I just heard from the Realtor this morning the appraiser will be there tomorrow to do the appraisal.

Our loan officer was out all last week and so far all this week, so I've not heard anything from her, but didn't expect too anyway if she would have been in.

I did want to talk to her though because we never discussed if there would be points, or what some of the other closing costs may be.. 

When we started the process, I was told that they should have everything done within 45 days, even though we put the closing date out to 60 days.. 

It's just the sitting on the pins and all that makes it so painful.

HOPEFULLY, things will start moving a little quicker, and we'll be finding out more before too long.

OK.. I'm done moaning... We're just too excited about getting this property, and can't wait till the first day we can go spend a day out there...


----------



## SCRancher (Jan 11, 2011)

I feel you on this one! I'm waiting to see what the seller is going to do about the issues that need to be fixed - this and the bank appraisal are all that stand between me and closing.


----------



## simi-steading (Sep 27, 2012)

Thankfully I don't have the problems to worry about being fixed. We're buying the land, and a house just happens to come on the land... so the house is "as-is" but sadly that's going to take a lot of work to get it in shape on the inside... 

I think if I had to worry about the owner too, I'd be way too worried.... Right now I'm just hoping the appraisal comes out.. We have it contingent that it appraises at or above the selling price since the bank will only loan up to 80% of the appraised value.

Still no word back from the water test I was told that would be back today...

Oh well.. being a military brat, I should be used to "hurry up and wait"... but in this case, I'm just not doing so well with it..

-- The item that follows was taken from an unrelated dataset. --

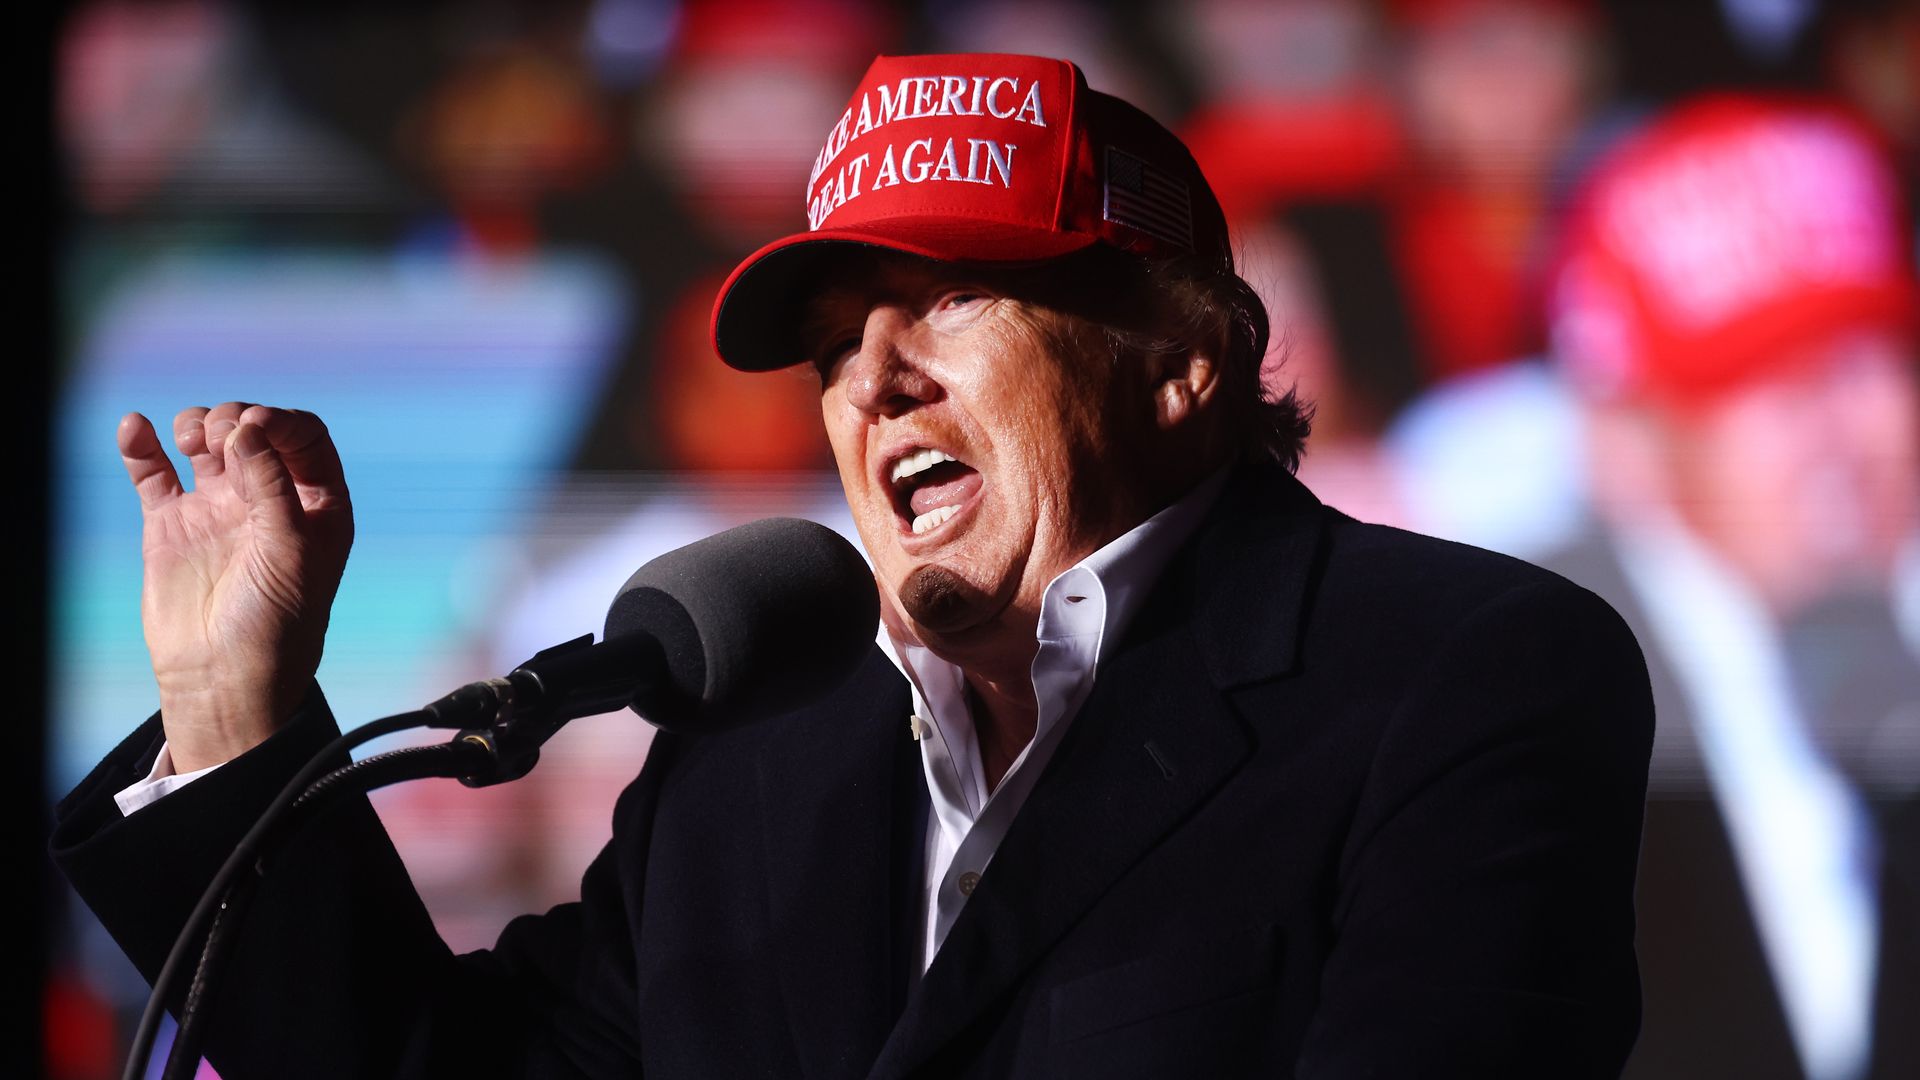 Donald Trump in a MAGA hat
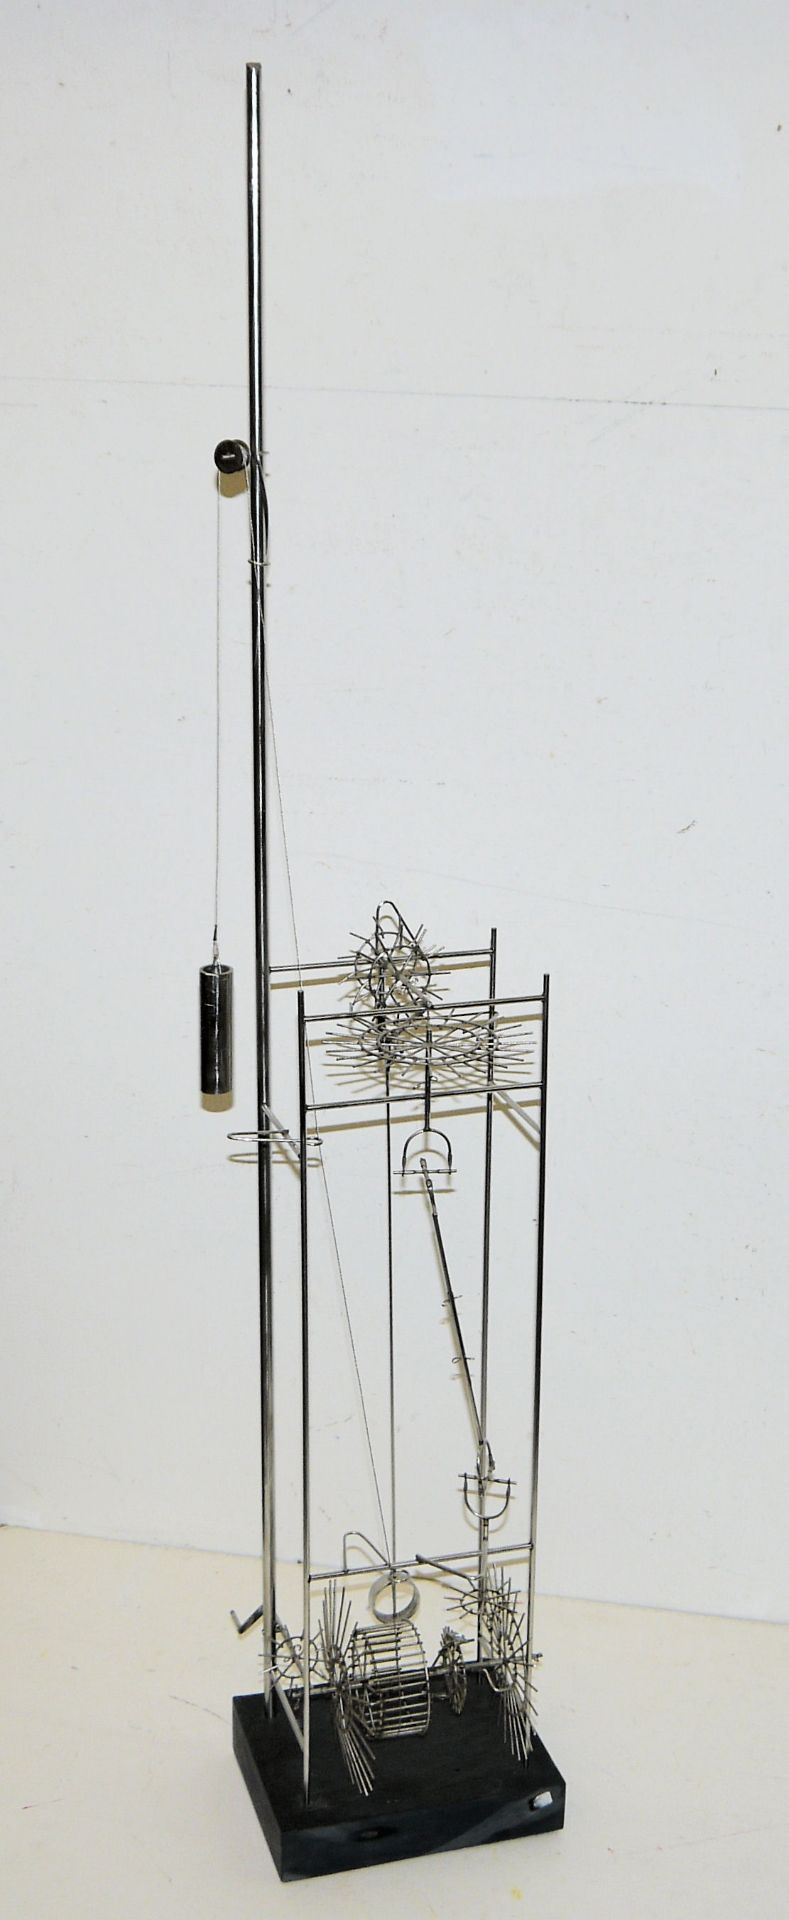 Ernst Reinold, "Lustmechanik", kinetic object from 1990

I've been following your thread Rancher.. I wish you the best...


----------



## tnokie (Jan 30, 2007)

I feel your pain too but from the other side! Our house is on the market and we need to sell it soon. We have had it listed for a month ,the realtor thought we were to high so we have dropped it several thousand. I sure hope some one comes along soon. But when we went back this weekend to the town its in ,there are new houses going up everywhere! Seems the rates are so low now people are building instead of buying,just our luck!


----------



## simi-steading (Sep 27, 2012)

I couldn't imagine trying to sell a house now... I can't figure out if it's a buyers, sellers, or builders market. It seems to flip back and forth so much depending on where you are looking. 

The property we are buying is in the middle of nowhere pretty much, and it had been listed for a while and no interest in it. We're buying it at less then half the first listed price. The people were wanting to get it sold before winter, and if it wasn't for me and my wife being half crazy, they'd still probably have it for quite a while.

It's been amazing what we've still seen houses selling for in the DC area, and how many we're still seeing being built, but travel a ways out, and seems no one is able to sell anything for close to what they want.

I wish you luck....


----------



## simi-steading (Sep 27, 2012)

Wa whooooo... Getting closer.. 

Heard from the bank this morning.. They got the appraisal back this morning, and it is higher than the purchase price. We had the contract contingent on at or higher than the sale price... It wasn't much higher than the selling price, but it was higher so we're golden there 

Also heard back from the water testing company, and they have the results, but the agent is busy today, so will analyze the results and get back to us Monday. That's a good deal, because we also had the contract contingent on that.

That means we can make a decision based on the water before we sign any more papers and start to incur any more costs such as attorney fees and title searches and such... 

So once we decide yes, let's keep on going, it should be about two weeks after we get the papers returned that we should be ready to close, depending on when the seller is ready... 

My wife and I are getting pretty stoked now!!!!


----------